Up for consideration
- Type annotations? These are not necessarily "necessary", as our language is already appropriately constrained. Adding type annotations may even complexify implementation significantly. Nonetheless, there are a couple of options to explore:
- Do we want to support any record types?
(Property lists can always be used, though it may be desirable to
have a better type structure for the sake of a type system.)

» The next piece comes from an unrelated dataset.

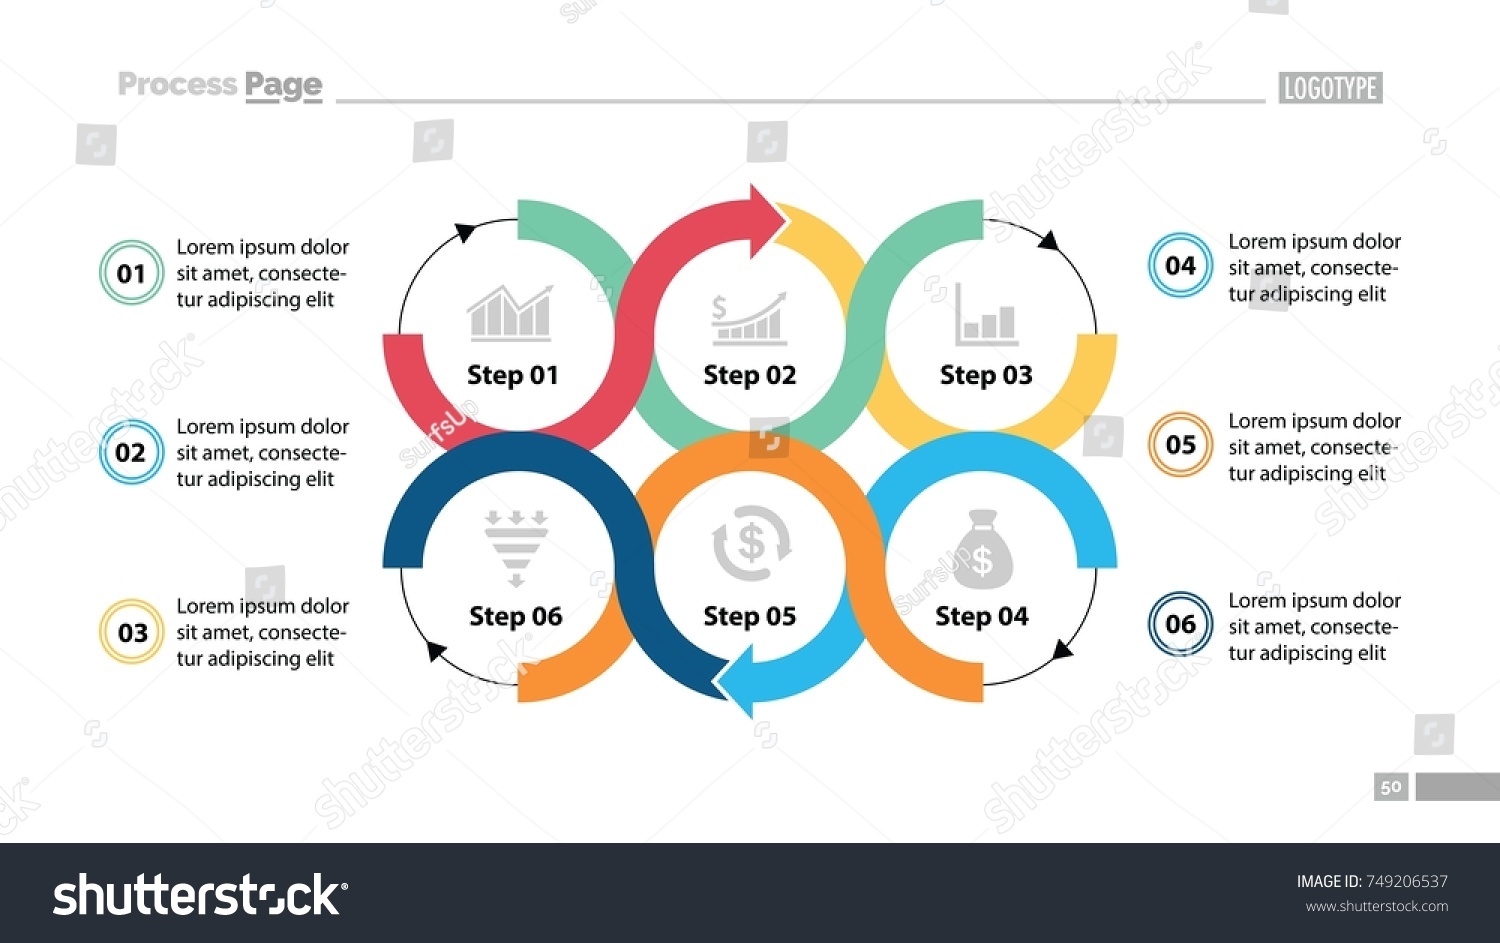 Six Steps Process Chart Design Royalty Free Stock Vector 749206537 8555
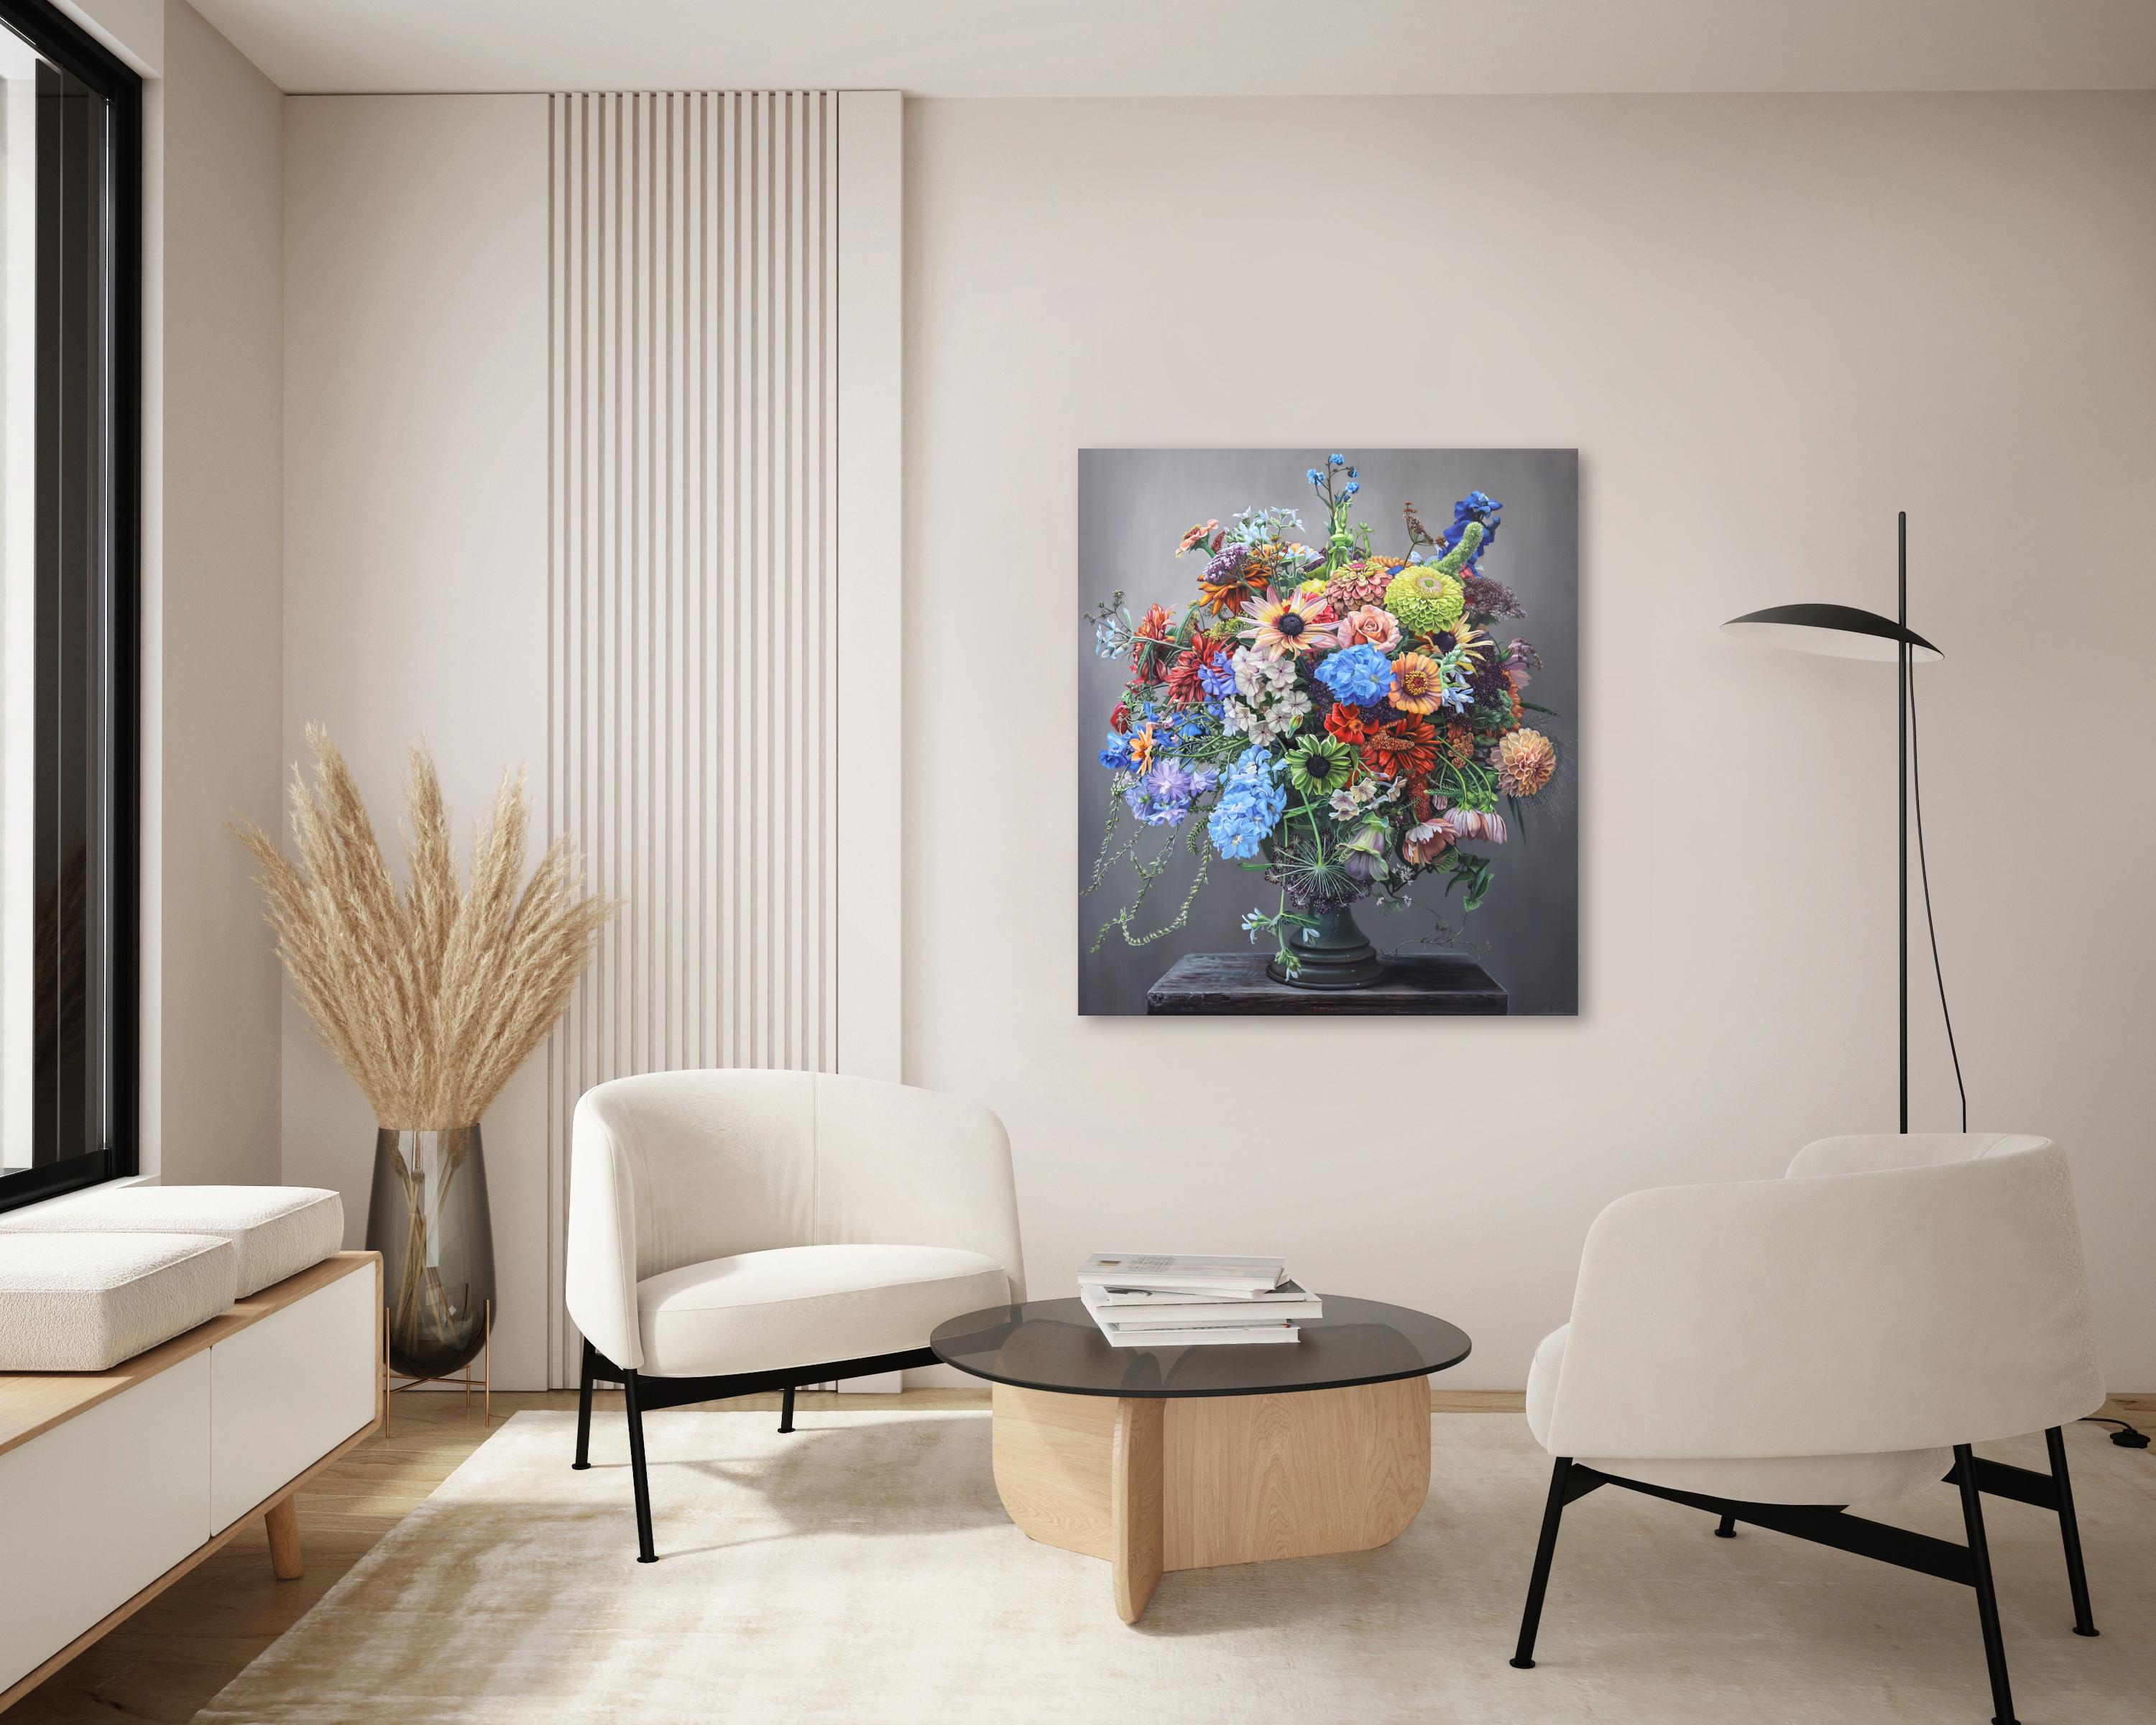 Touching Souls - Hyperrealist Floral Still Life Oil Painting 2

However, it is possible to construct new types that even fit
nicely into the object capability model using a combination of
- It would be possible to add a module system that can actually import other nodes from the blockchain to execute them. This would then allow the blockchain itself to become a library of code.
- In the United States and mostly-internationally, "All Rights Reserved" is the default copyright. We're now talking about adding what's recognized as a fully usable language to a blockchain, which means that if someone were to push code to the blockchain that others evaluated and claimed "Oh, you're running my code, now you need a license" this is possibly a valid legal form of attack against blockchain participants who are automatically verifying the integrity of smart signatures. An equitable estoppel defense may work, though it would be better to encode into the blockchain somehow that some licensing choice has been made. Perhaps Wikipedia is a good example of the largest collaborative commons; using a copyleft license that is used by all parties by default could result in "solidifying" the structure into a legally enforceable/protected commons. (Other routes for blockchains that would prefer more permissive/lax licenses may include encoding the expected de-facto license into the genesis block.)
- A toy implementation has been written making use of
Guile's sandboxed evaluation
facilities (public git repository coming soon after some cleanup).
This works, but:
- Restrictions on space and time are not deterministic.
- We would still want native compilation with obfuscation to prevent side-channel attacks.
- Real implementation has a number of different paths, but suggested: Implement on Guile's compiler tower with bottom layer first targeting VM then targeting native code generation.